UK NFL fans were treated to a pair of critical AFC divisional matchups this week, plus a heavyweight tussle between NFC contenders.
Here are the most intriguing takeaways from Sunday's screened games.
Cleveland Browns 20-38 Cincinnati Bengals: Cincy Shut Down Star Tight End Jordan Cameron
The Cincinnati Bengals were able to stifle Ohio State rivals the Cleveland Browns because of the way they shut down star tight end Jordan Cameron.
Two plays from the opening quarter revealed the plan defensive coordinator Mike Zimmer had for Cameron. When the Browns faced 3rd-and-6 on their own 18-yard line, Zimmer made sure Cameron wouldn't get free underneath.
Defensive end Michael Johnson hit Cameron at the line, disrupting his release. Johnson then released him deep, but stayed underneath in short zone coverage, in front of Cameron's vertical route.
As he made it deep, Cameron was bracketed by safeties George Iloka and Reggie Nelson.
Quarterback Jason Campbell was looking Cameron's way immediately, but the coverage forced him to hold onto the ball. The result was a sack by blitzing cornerback Dre Kirkpatrick.
Later in the quarter, with the Browns at their own 25, the Bengals again took Cameron away. It started with rookie safety Shawn Williams down in the box lined up over the tight end.

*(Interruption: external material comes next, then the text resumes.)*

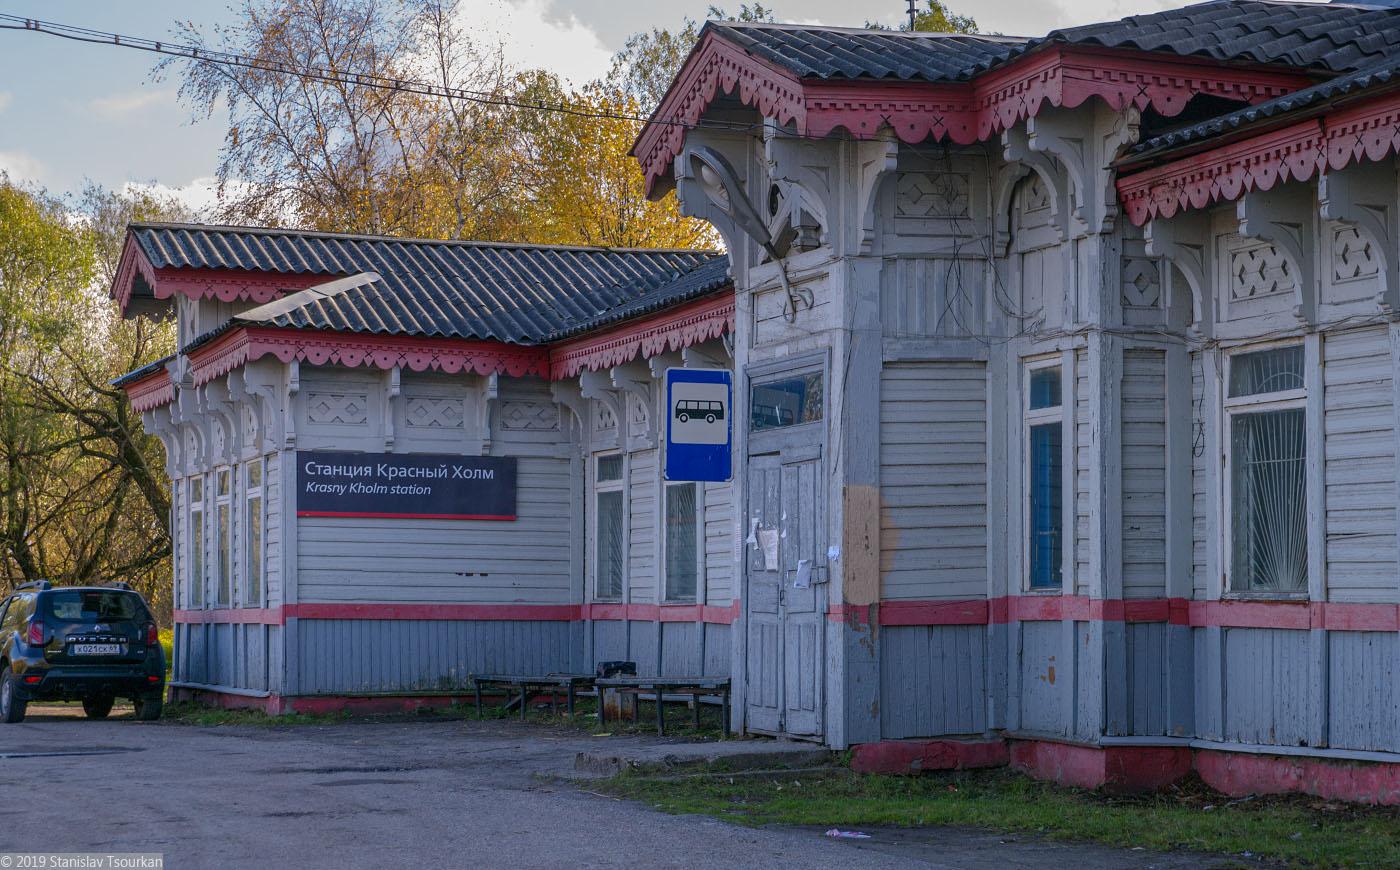 ж/д вокзал, станция Красный холм, вокзал, деревянный вокзал, Красный холм, привокзальная площадь, остановка

At the snap, Williams trailed Cameron up the field in man coverage. Deep safety Nelson drifted over the top to give the Bengals the perfect double-team.
That forced Campbell to check the ball down and throw short to wide receiver Josh Gordon for five yards.
Cameron has been the danger man of the Cleveland offense this season. He has tallied 629 yards and six scores.
But the Bengals consistently eliminated his threat. They hit him at the line and doubled him downfield all game.
Cameron made six catches, but for only 29 yards. That meant a meagre 4.8 yards per catch for the Browns primary source of clutch plays.
Peyton Manning and the Denver Broncos were dangerous enough to begin with. But the emergence of dynamic "joker" tight end Julius Thomas has made this offense dominant.
Thomas is a matchup nightmare against any defense, even the NFL's toughest unit. On Sunday night, he became the first tight end this season to score against the Kansas City Chiefs, according to NBC Sports' commentator Cris Collinsworth.
The Broncos faced 2nd-and-goal at the Kansas City nine-yard line after an exchange of fumbles in the first quarter.
Thomas was split out as a wide receiver against the Chiefs 4-1-6 dime defense. He was matched up against premier safety Eric Berry.
The Chiefs also had defensive back Quintin Demps on the inside ready to blitz. As Demps showed blitz, Manning fired a quick slant to Thomas for the score.
Berry couldn't stay with Thomas' quick initial moves in one-on-one coverage. Nor could he counter how the ultra-athletic tight end used his big body to beat the press and gain room inside.
Thomas now has 10 touchdowns this season and is averaging 13.1 yards per catch. He is the roving weapon no defense has yet been able to account for.
The astonishing turnaround by the New Orleans Saints defense, ranked last in the NFL a year ago, but fourth currently, has been keyed by versatile linemen.
Two of the team's playmakers up front feasted on the San Francisco 49ers and quarterback Colin Kaepernick this week.
Akiem Hicks, a third-round pick in 2012 from Canadian regional college Regina, is a mammoth force coordinator Rob Ryan can move anywhere across a formation.
Normally a 3-4 team, the Saints shifted into a 4-3 front, by aligning Hicks as a pass-rushing interior tackle over 49ers guard Alex Boone in the second quarter.
Hicks immediately used his power to stand Boone up. He was still also able to hit running back Frank Gore, who had released through the line for a screen pass.
Hicks then nimbly slid his 6'4", 325-pound frame along the line and chased down Kaepernick, sacking him for a one-yard loss.
Later in the quarter, two-gap end Cameron Jordan was moved outside as a wide-angled edge-rusher in a two-defensive end, three linebacker pressure front.
Jordan, primarily a 3-4 run-stuffer, rushed from a four-point sprinter stance and sped around right tackle Anthony Davis. He used a swat-and-swim move to beat Davis off the corner, before closing on Kaepernick for the sack.
Jordan has seven sacks so far, while Hicks is leading all Saints' D-linemen in tackles with 33. Their versatility is allowing Ryan to constantly mix fronts and pressures to challenge offenses.